Dramat rozgrywający się w jednym z mieszkań na Trynku przerwała dopiero wizyta pracowników OPS-u. Nieporadna starsza kobieta, jej pijany syn, urządzający libacje i pusta lodówka. Wezwano policję, w sprawę zaangażował się prokurator.
Interwencja miała miejsce w miniony wtorek, 18 maja.
– Historia tej gliwiczanki mogła skończyć się tragicznie. Na szczęście pojawili się pracownicy gliwickiego ośrodka pomocy społecznej, natychmiast zauważyli problem i powiadomili policję. Tak, niestety, jest: w niektórych rodzinach muszą interweniować służby, aby rozwiązywać sprawy, które nie powinny się zdarzać – komentuje podinspektor Marek Słomski, oficer prasowy KMP Gliwice.
– Podczas wizyty w jednym z mieszkań na os. Trynek, pracownicy OPS-u zorientowali się, że komuś dzieje się wielka krzywda. Osobą pokrzywdzoną była 65-letnia matka, a krzywdzącym jej syn, który wpadł w ciąg alkoholowy. Kobieta znajdowała się w złej kondycji psychofizycznej, była wychudzona, w jej lodówce nie znaleziono produktów spożywczych, pozwalających na normalne żywienie – kontynuuje Słomski.
Policjanci zatrzymali 41-latka i rozpoczęli postępowanie, w które włączył się również prokurator – zarzuty okazały się bowiem poważne, mianowicie znęcania nad osobą nieporadną. Ustalenia wskazują, że w mieszkaniu od marca br. trwała przemoc, bicie, zastraszanie.

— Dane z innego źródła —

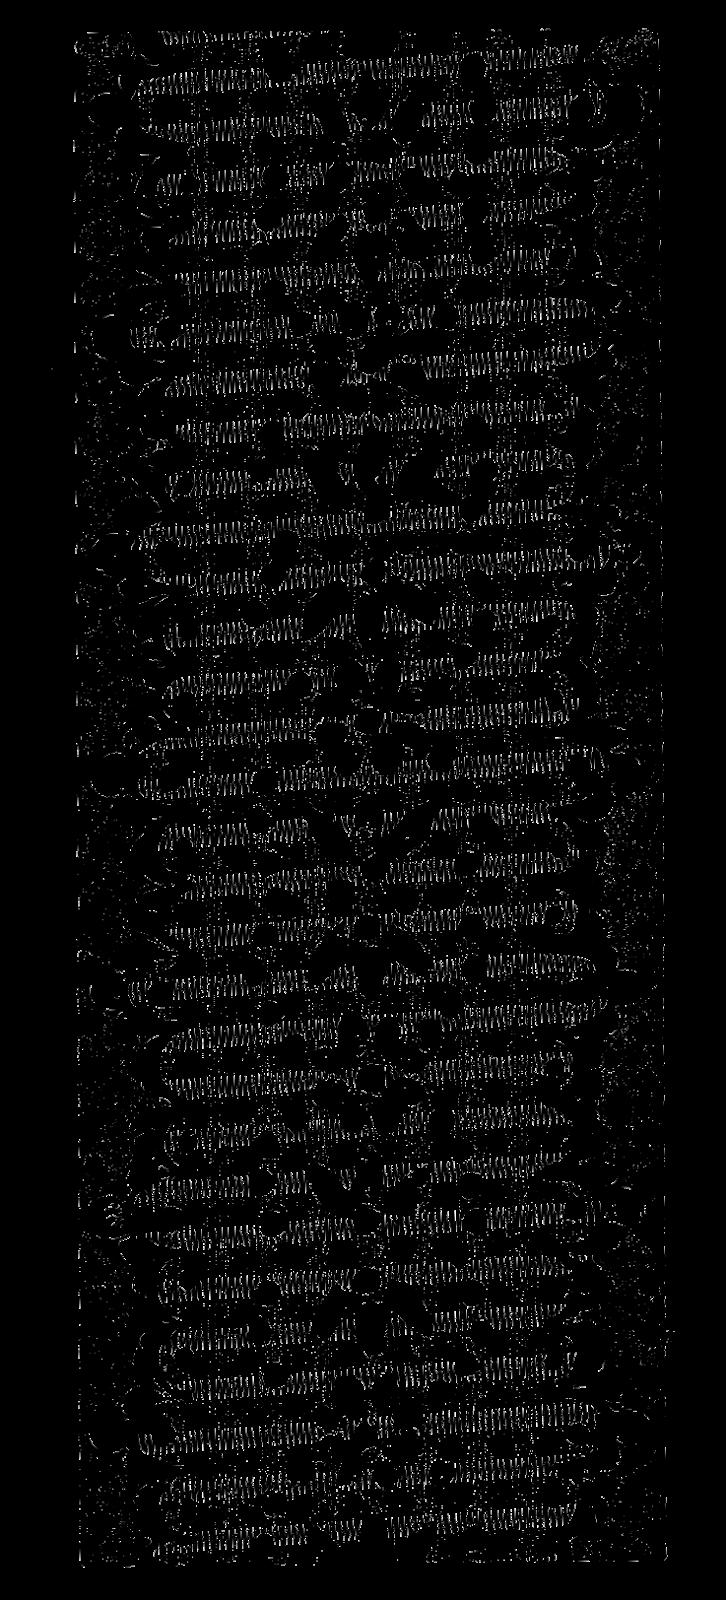 graphic transparent Antique images free digital. Vintage lace clipart
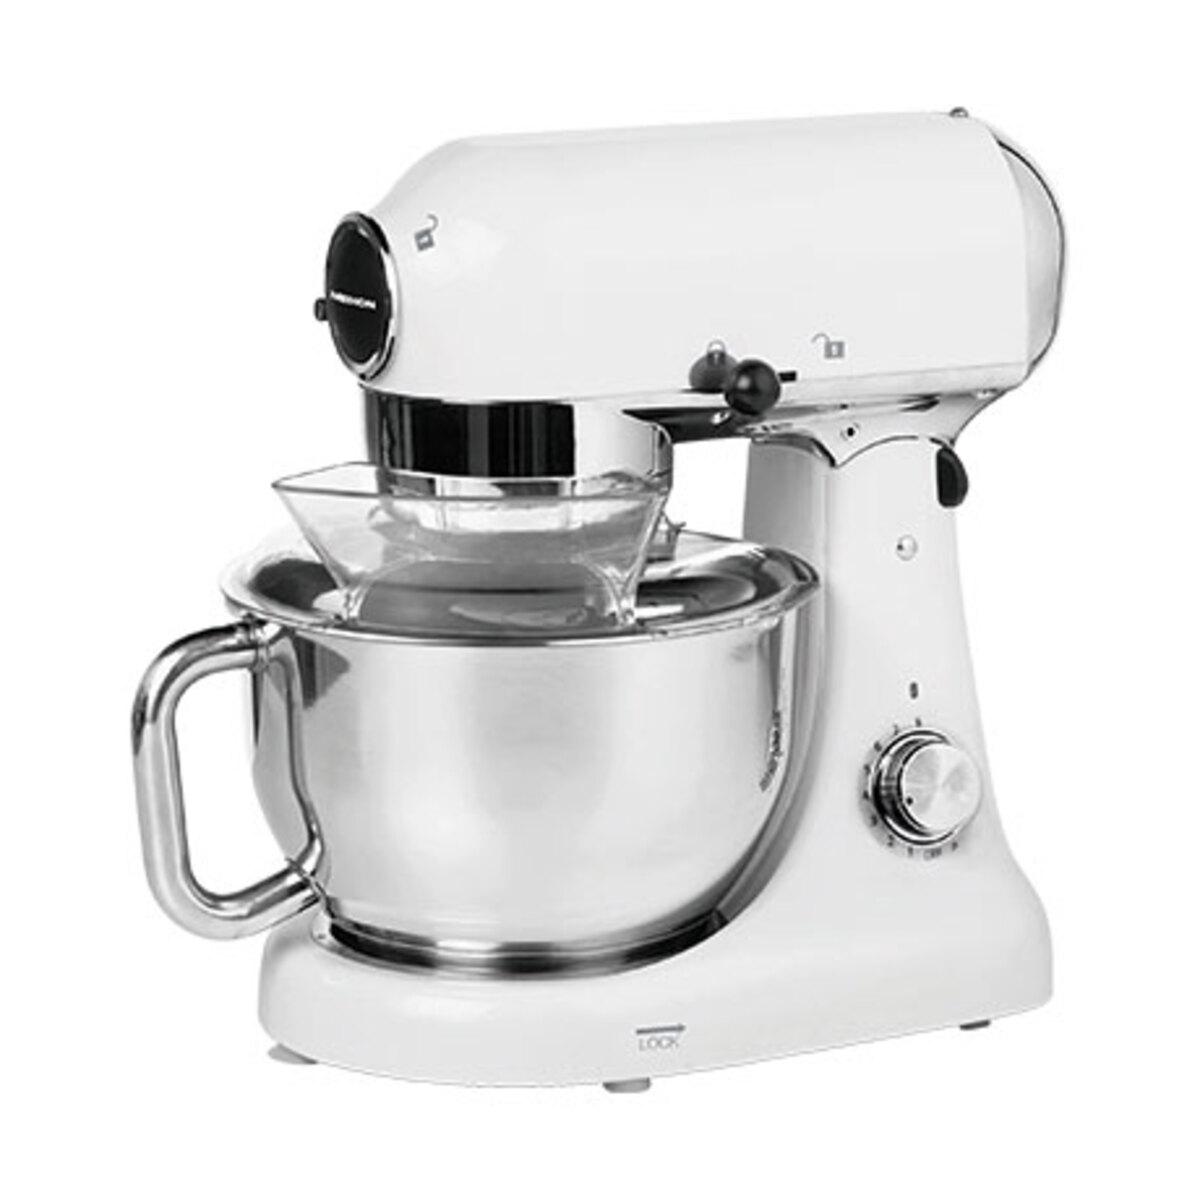 Bild 2 von Küchenmaschine MD 16480 weiß1

Punktem krytycznym dla rodziny była śmierć męża kobiety, a ojca antybohatera tej historii. Od tego czasu syn nie pozwalał matce wychodzić z domu, zrobić zakupów, sam sprowadzał do mieszkania kolegów i urządzał libacje alkoholowe
– mówi Słomski.
W czwartek, na wniosek policji i prokuratora, Sąd Rejonowy w Gliwicach aresztował podejrzanego tymczasowo. Opieką nad nieporadną z uwagi na swój stan psychiczny kobietą zajęli się pracownicy gliwickiego OPS-u.